:: Task instructions ::
Reproduce the full listing below exactly. Do not include the pictures.

:: Supplied data ::
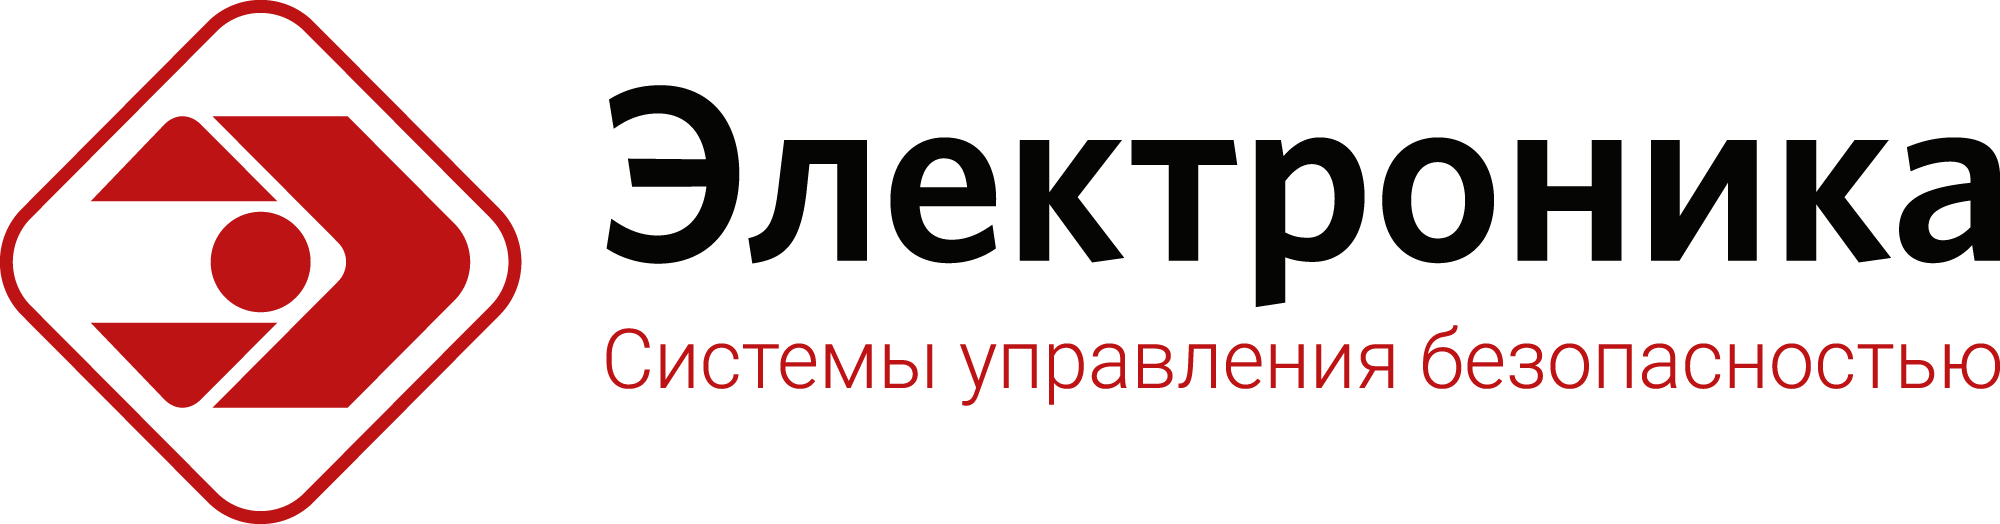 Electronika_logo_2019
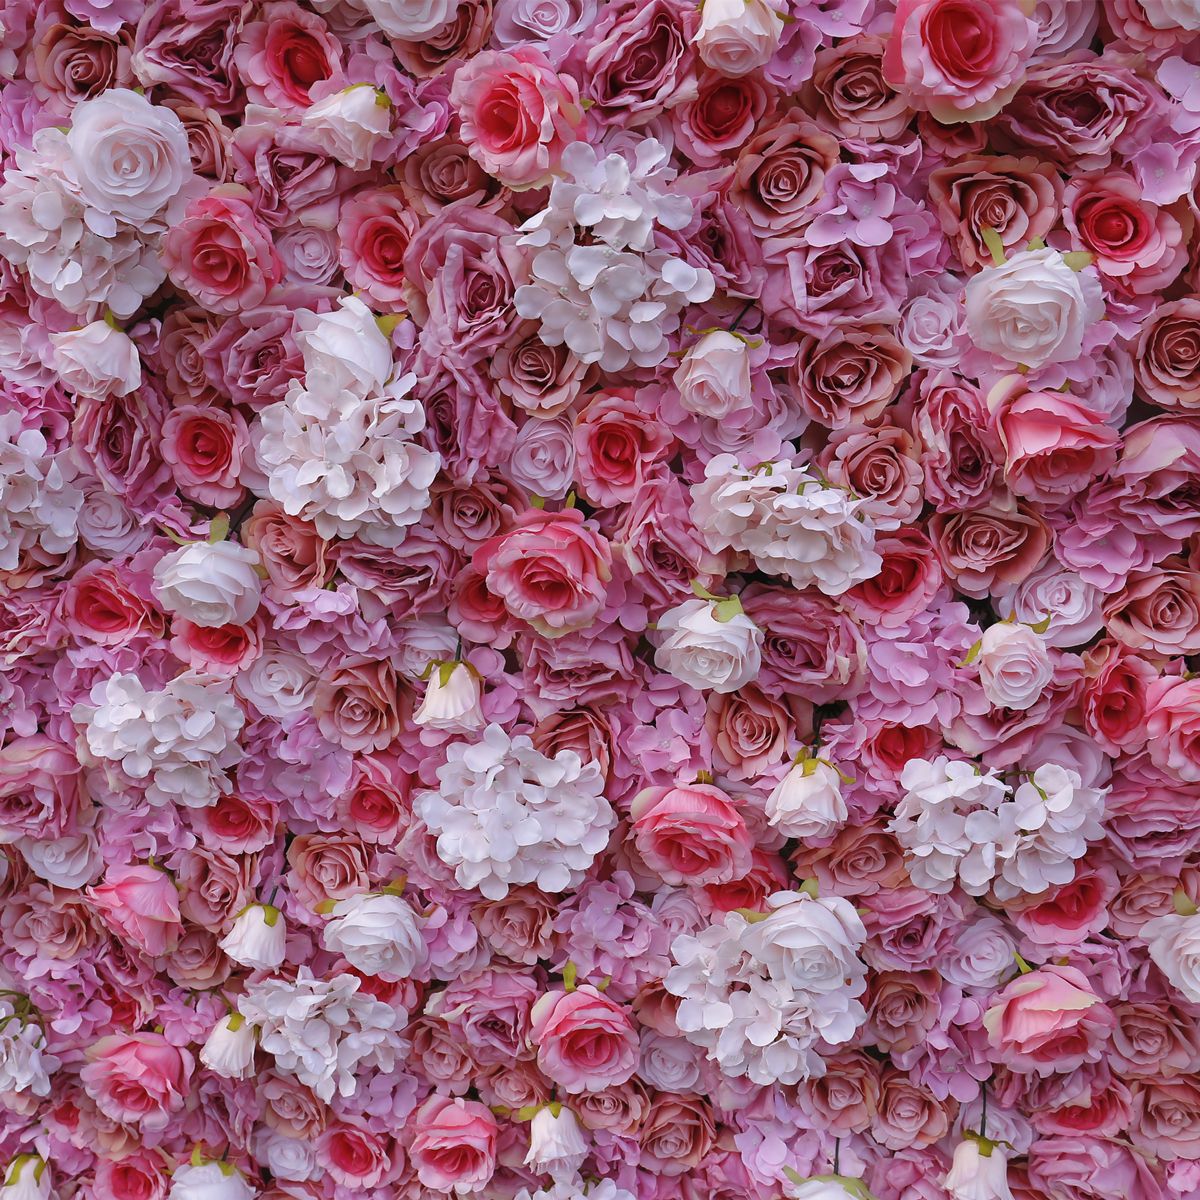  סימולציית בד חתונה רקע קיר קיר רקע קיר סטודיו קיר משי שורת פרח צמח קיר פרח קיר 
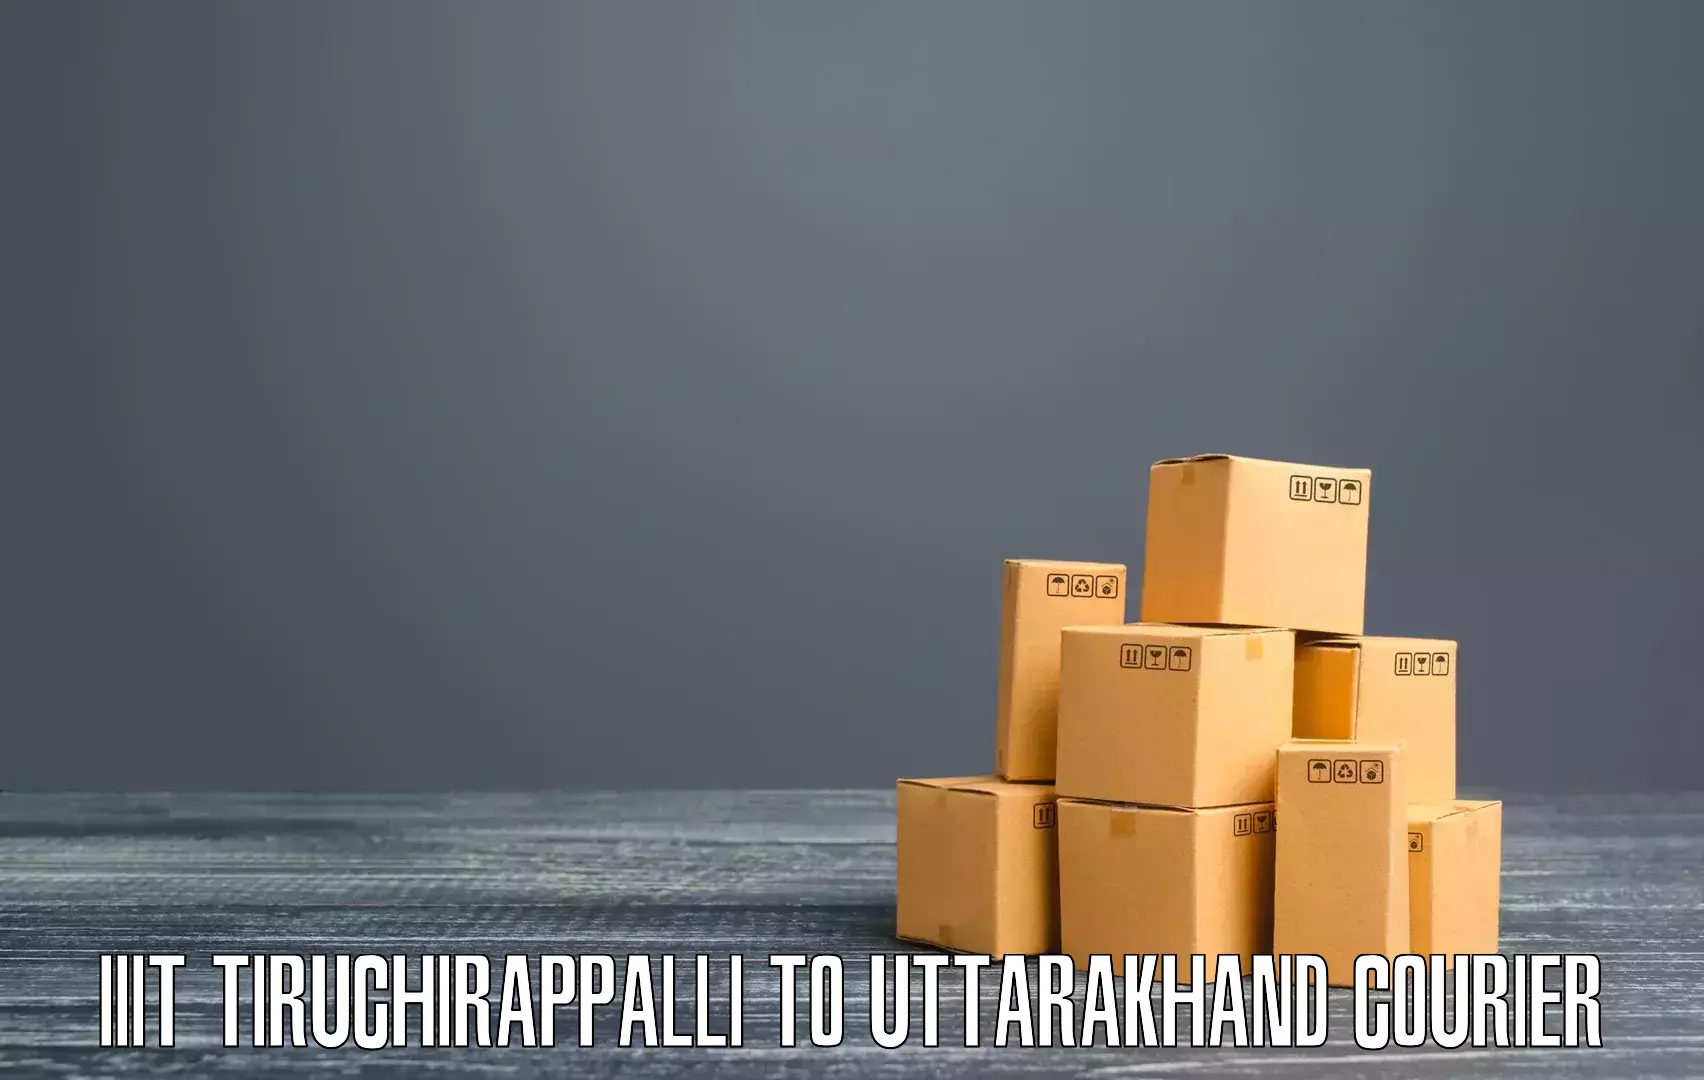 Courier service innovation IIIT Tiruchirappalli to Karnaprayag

:: Response ::
 Electronika_logo_2019
  סימולציית בד חתונה רקע קיר קיר רקע קיר סטודיו קיר משי שורת פרח צמח קיר פרח קיר 
 Courier service innovation IIIT Tiruchirappalli to Karnaprayag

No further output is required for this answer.